▶ **DATA BLOCK**
=== Section Start ===
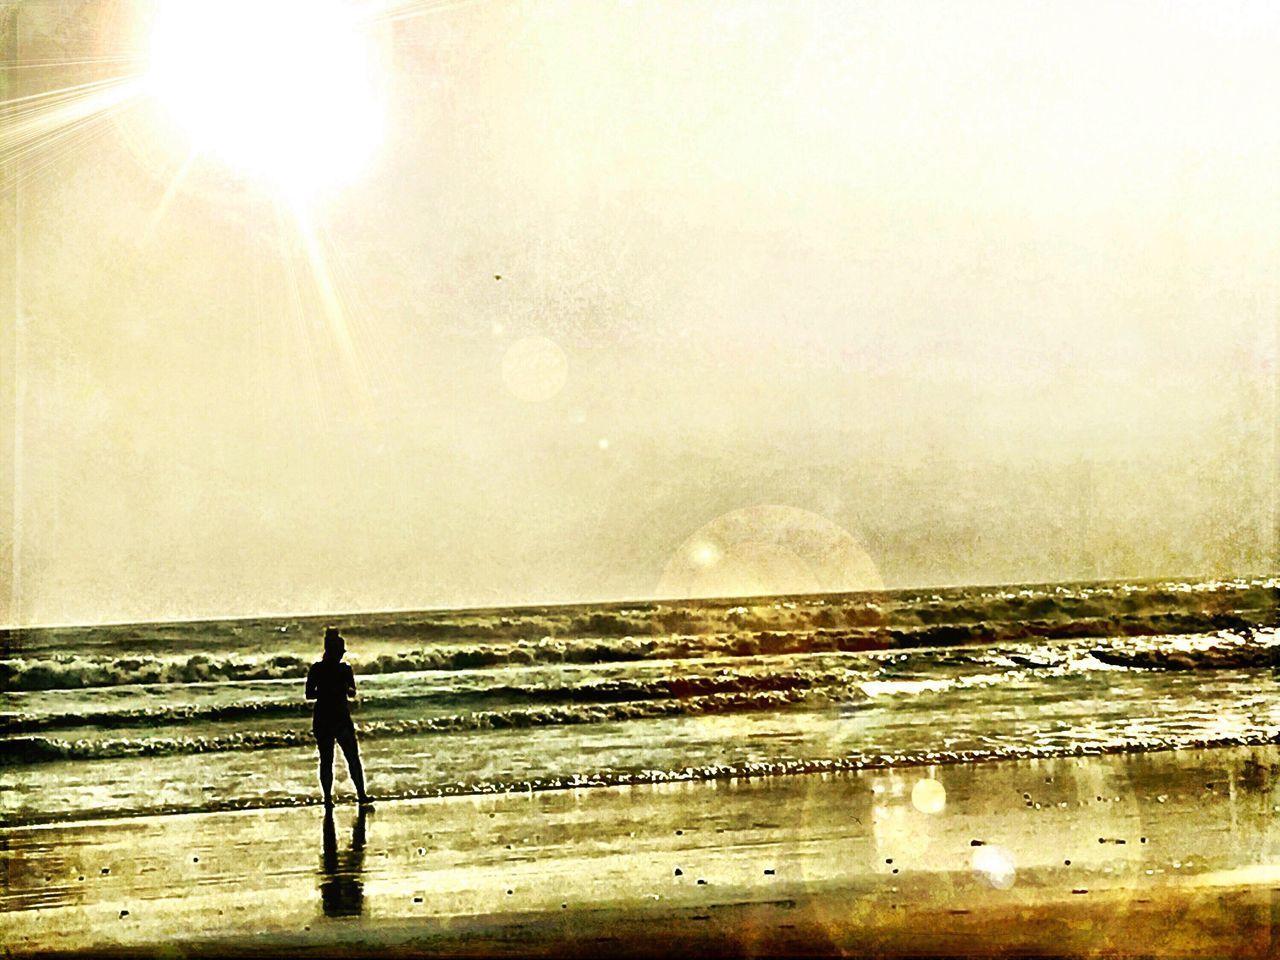 Costa Rica Pacific Ocean Sunset Beauty In Nature Nature Real People Standing Water Silhouette Sky Beach Wave Sand Beach Photography Travel Photography Waves, Ocean, Nature Happy Me Myself And I Enjoying Life Pura Vida ✌ Nosara
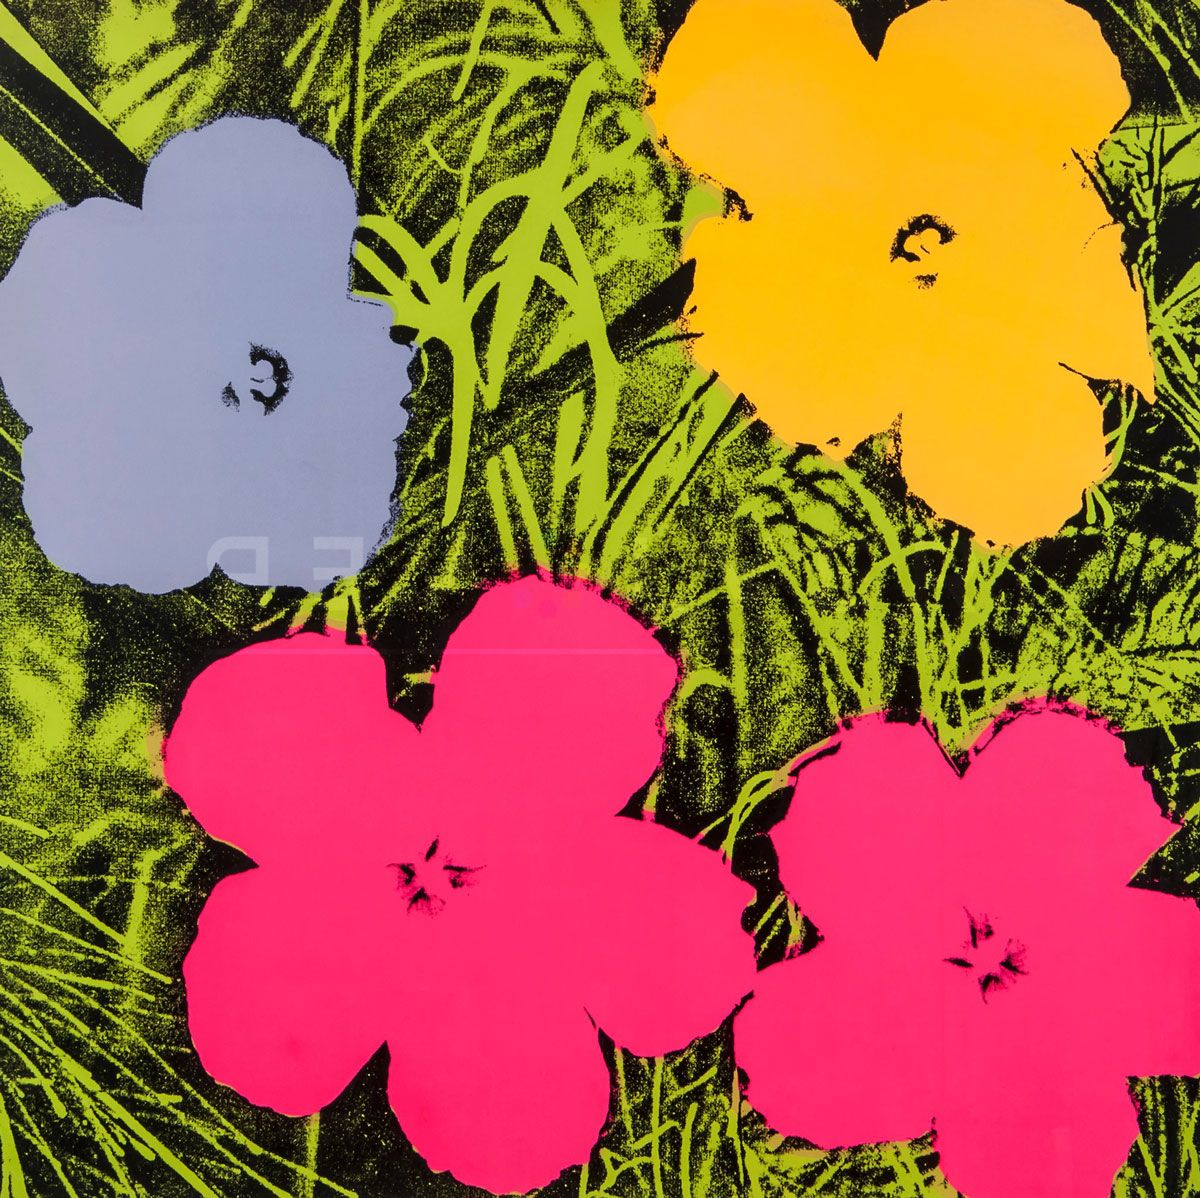 Fiori Warhol.Flowers 73 Print By Andy Warhol Arte Del Fiore Dipingere Fiori
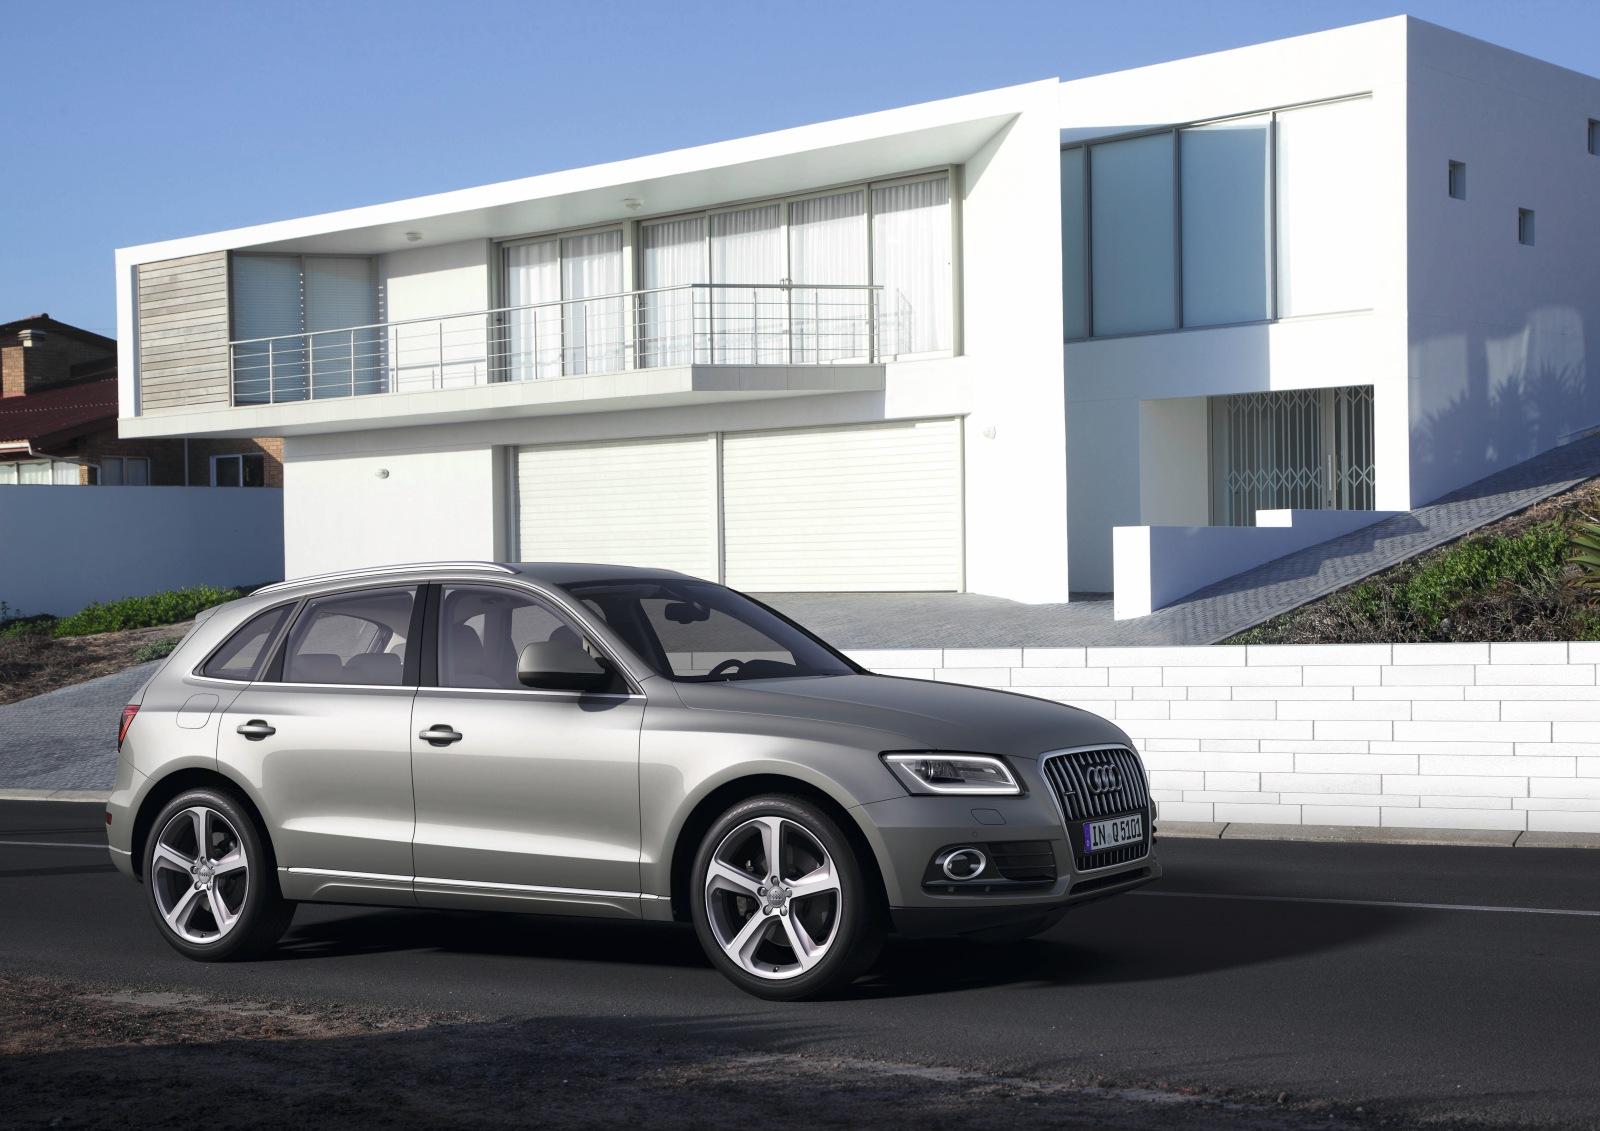 Audi muestra el remodelado Q5 2012
=== Section End ===
▶ **TASK DESCRIPTION**
Output the data above exactly, excluding images.

▶ **RESPONSE BOX**
 Costa Rica Pacific Ocean Sunset Beauty In Nature Nature Real People Standing Water Silhouette Sky Beach Wave Sand Beach Photography Travel Photography Waves, Ocean, Nature Happy Me Myself And I Enjoying Life Pura Vida ✌ Nosara
 Fiori Warhol.Flowers 73 Print By Andy Warhol Arte Del Fiore Dipingere Fiori
 Audi muestra el remodelado Q5 2012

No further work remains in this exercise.